Retrieve details for a specific evaluation run, including its model, evaluation reference, status, and timestamps.
eval_run_id = "<evaluation-run-id>"

resp = requests.get(
    f"{TRACE_BASE}/v2/{entity}/{project}/evaluation_runs/{eval_run_id}",
    auth=AUTH,
)
eval_run = resp.json()
print(eval_run["evaluation_run_id"], eval_run.get("status"), eval_run.get("model"))

Get predictions and scores

Use the eval_results/query endpoint to retrieve per-row results for an evaluation run. Each row includes the resolved dataset inputs, model output, and individual scorer results. Set include_rows, include_raw_data_rows, and resolve_row_refs to get the full per-row detail.
eval_run_id = "<evaluation-run-id>"

resp = requests.post(
    f"{TRACE_BASE}/v2/{entity}/{project}/eval_results/query",
    json={
        "evaluation_run_ids": [eval_run_id],
        "include_rows": True,
        "include_raw_data_rows": True,
        "resolve_row_refs": True,
    },
    auth=AUTH,
)
results = resp.json()

for row in results["rows"]:
    inputs = row.get("raw_data_row")
    for ev in row.get("evaluations", []):
        for trial in ev.get("trials", []):
            output = trial.get("model_output")
            scores = trial.get("scores", {})
            print("Input:", inputs)
            print("Output:", output)
            print("Scores:", scores)

Get aggregated scores

The same eval_results/query endpoint can also return aggregated scorer statistics instead of per-row data.
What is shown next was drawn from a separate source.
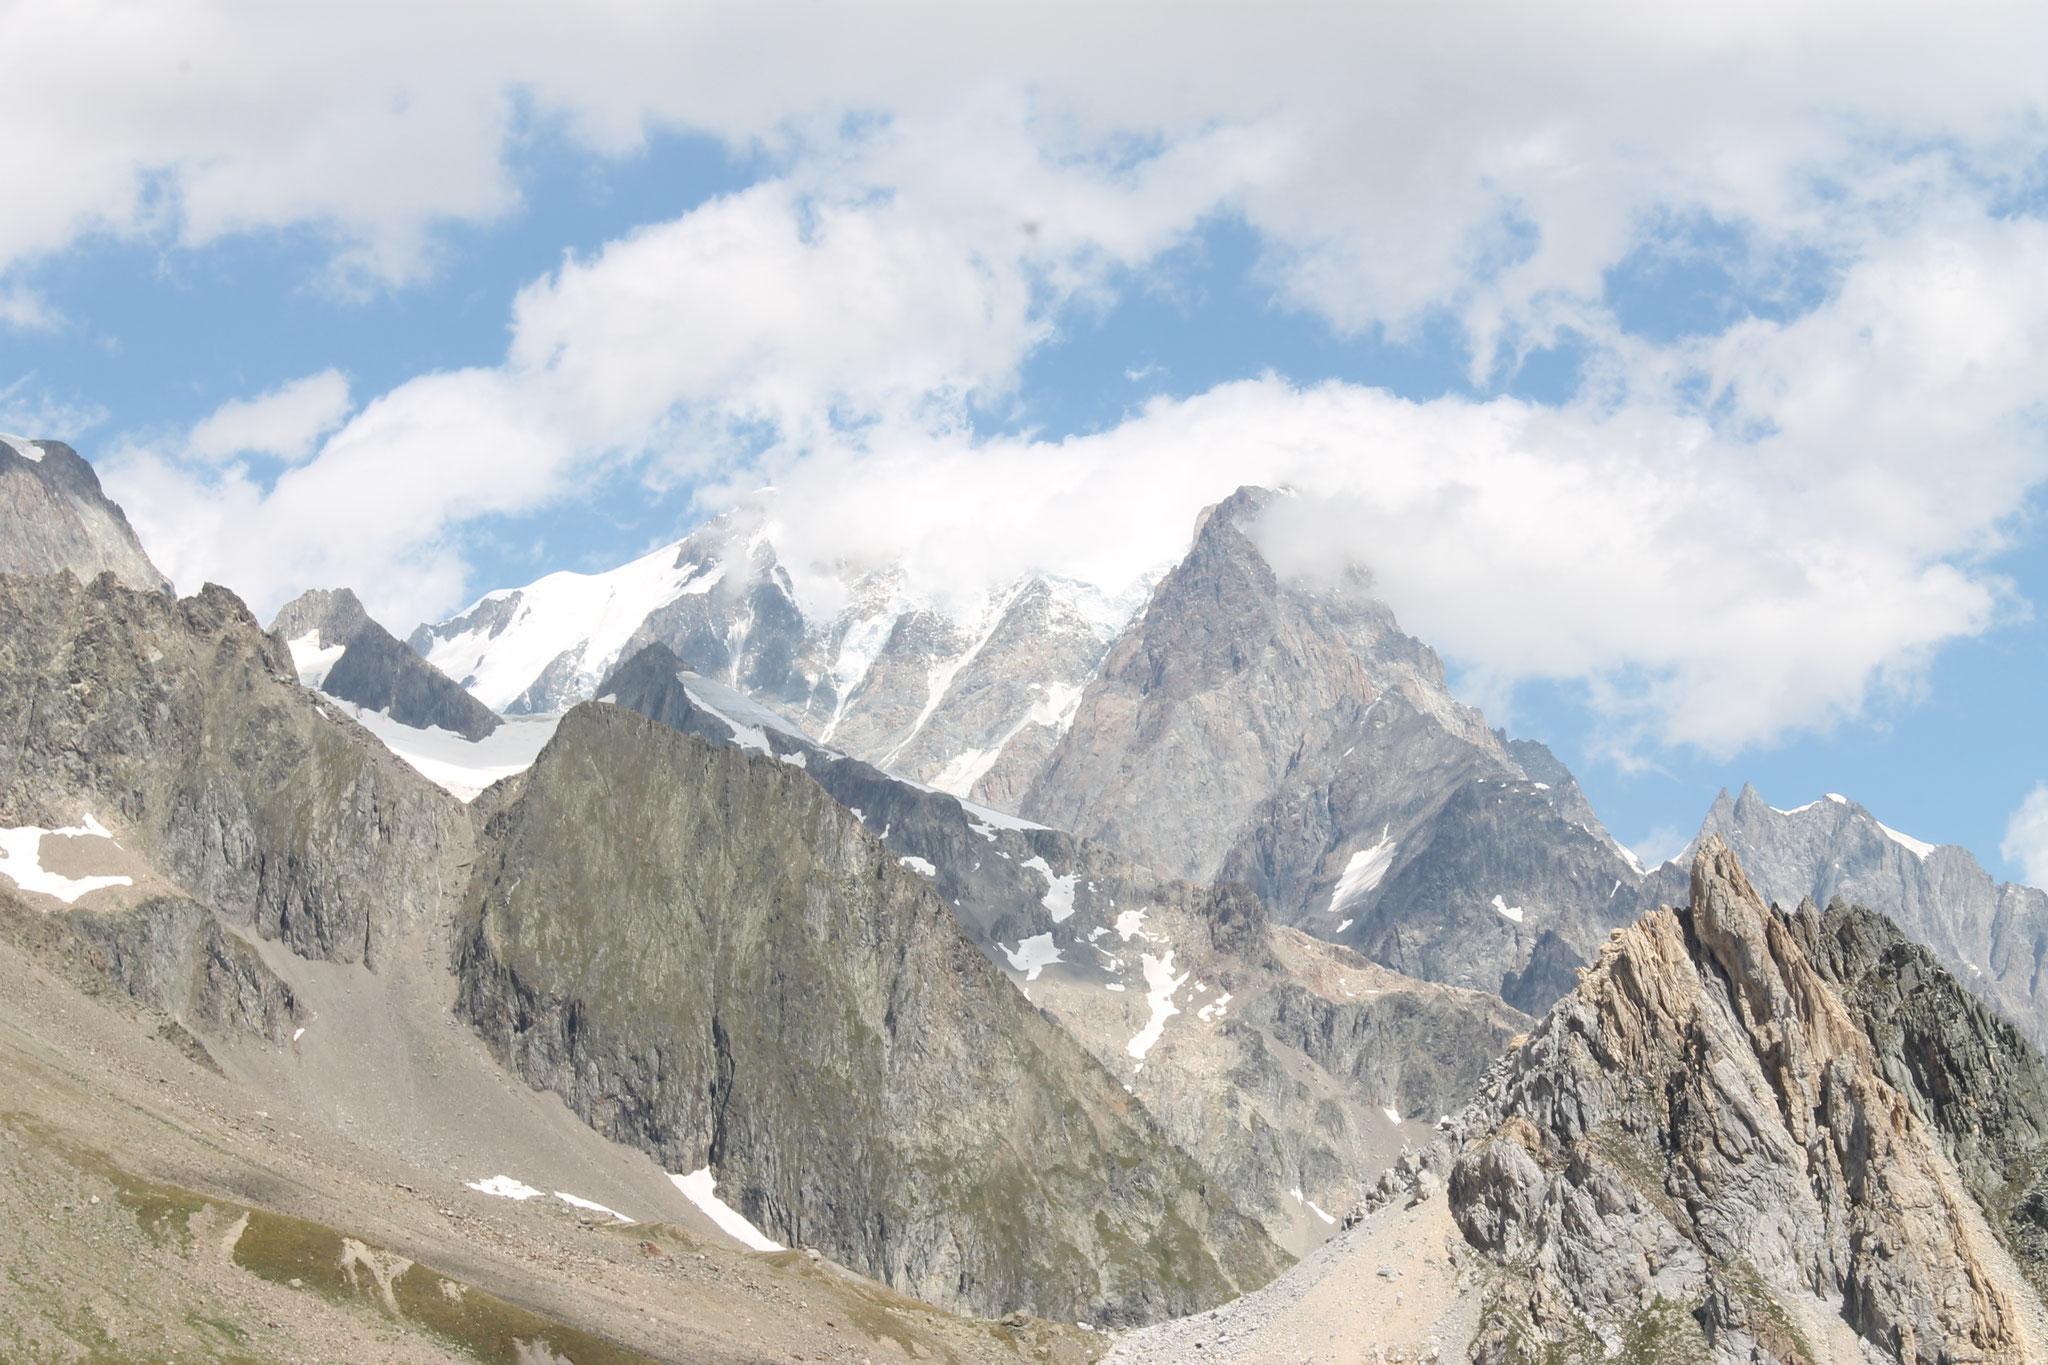 4. Le col de la Seigne (Alt. 2516m)
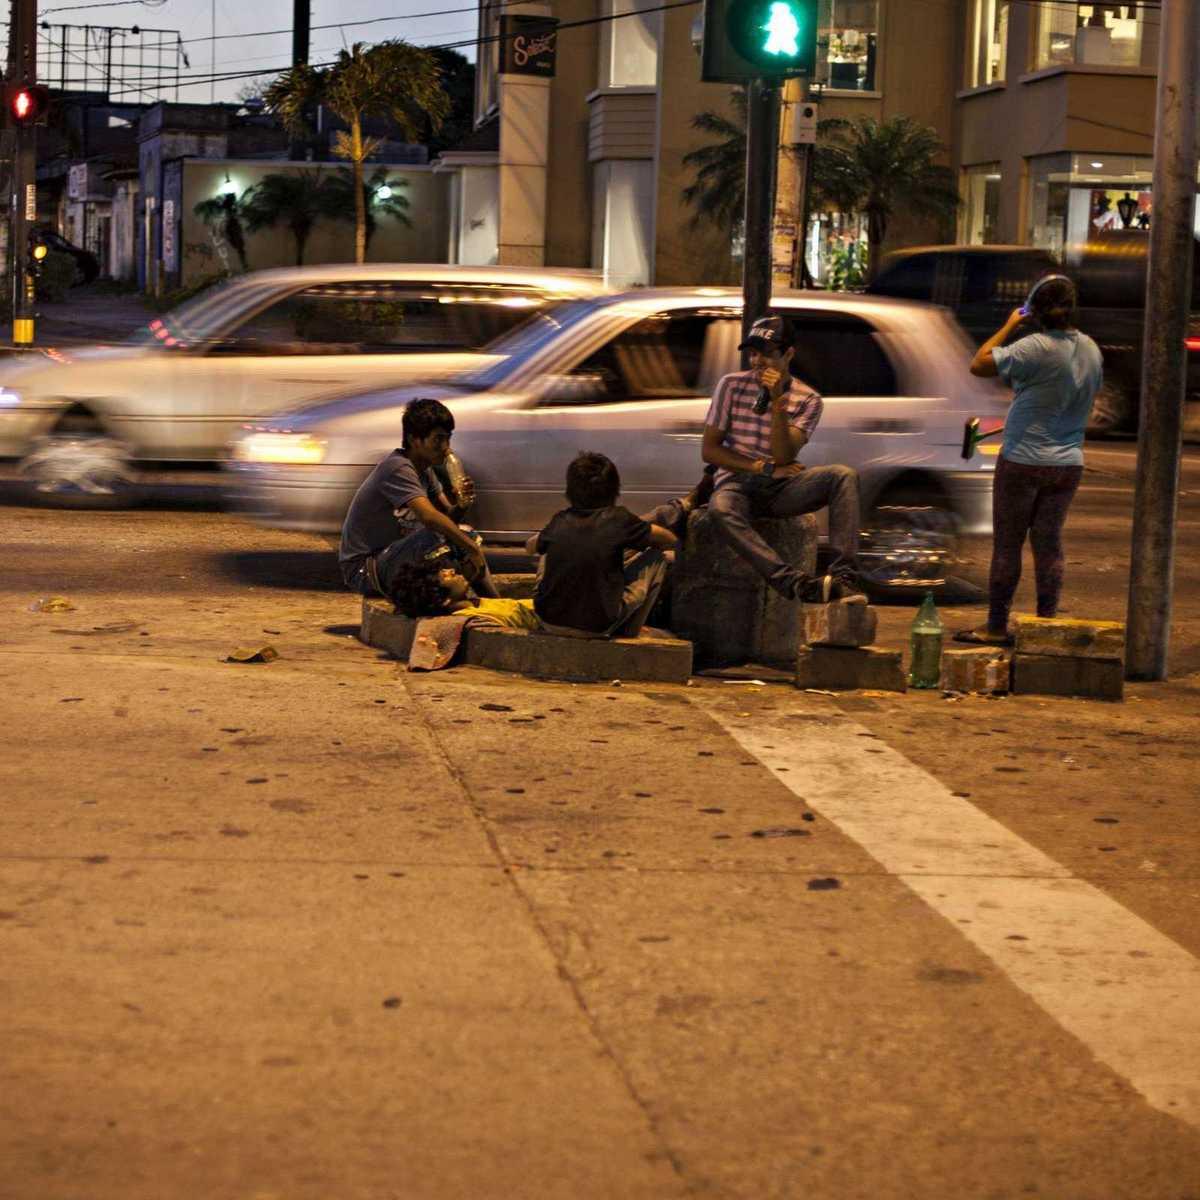 Autos fahren an vier Straßenkindern vorbei die da sitzen und Drogen nehmen

Set include_summary to get summary-level metrics like pass rates for binary scorers and means for continuous scorers.
resp = requests.post(
    f"{TRACE_BASE}/v2/{entity}/{project}/eval_results/query",
    json={
        "evaluation_run_ids": [eval_run_id],
        "include_summary": True,
        "include_rows": False,
    },
    auth=AUTH,
)
results = resp.json()

for ev in results["summary"]["evaluations"]:
    for stat in ev["scorer_stats"]:
        print(stat["scorer_key"], stat.get("value_type"), stat.get("pass_rate") or stat.get("numeric_mean"))

Read a single prediction

Retrieve the full details of an individual prediction, including its inputs, output, and model reference.
prediction_id = "<predict-call-id>"

resp = requests.get(
    f"{TRACE_BASE}/v2/{entity}/{project}/predictions/{prediction_id}",
    auth=AUTH,
)
prediction = resp.json()
print(prediction)

How to use row digests

Each result row from the eval_results/query endpoint includes a row_digest, a content hash that uniquely identifies a specific input in the evaluation dataset based on its contents, not its position. Row digests are useful for:
  • Cross-evaluation comparison: When you run two different models against the same dataset, rows with the same digest represent the same input. You can join on row_digest to compare how different models performed on the exact same task.
  • Deduplication: If the same task appears in multiple evaluation suites, the digest lets you identify it.
  • Reproducibility: The digest is content-addressable, so if someone modifies a dataset row (changes the instruction text, rubric, or other fields), it gets a new digest. You can verify whether two evaluation runs used identical inputs or slightly different versions.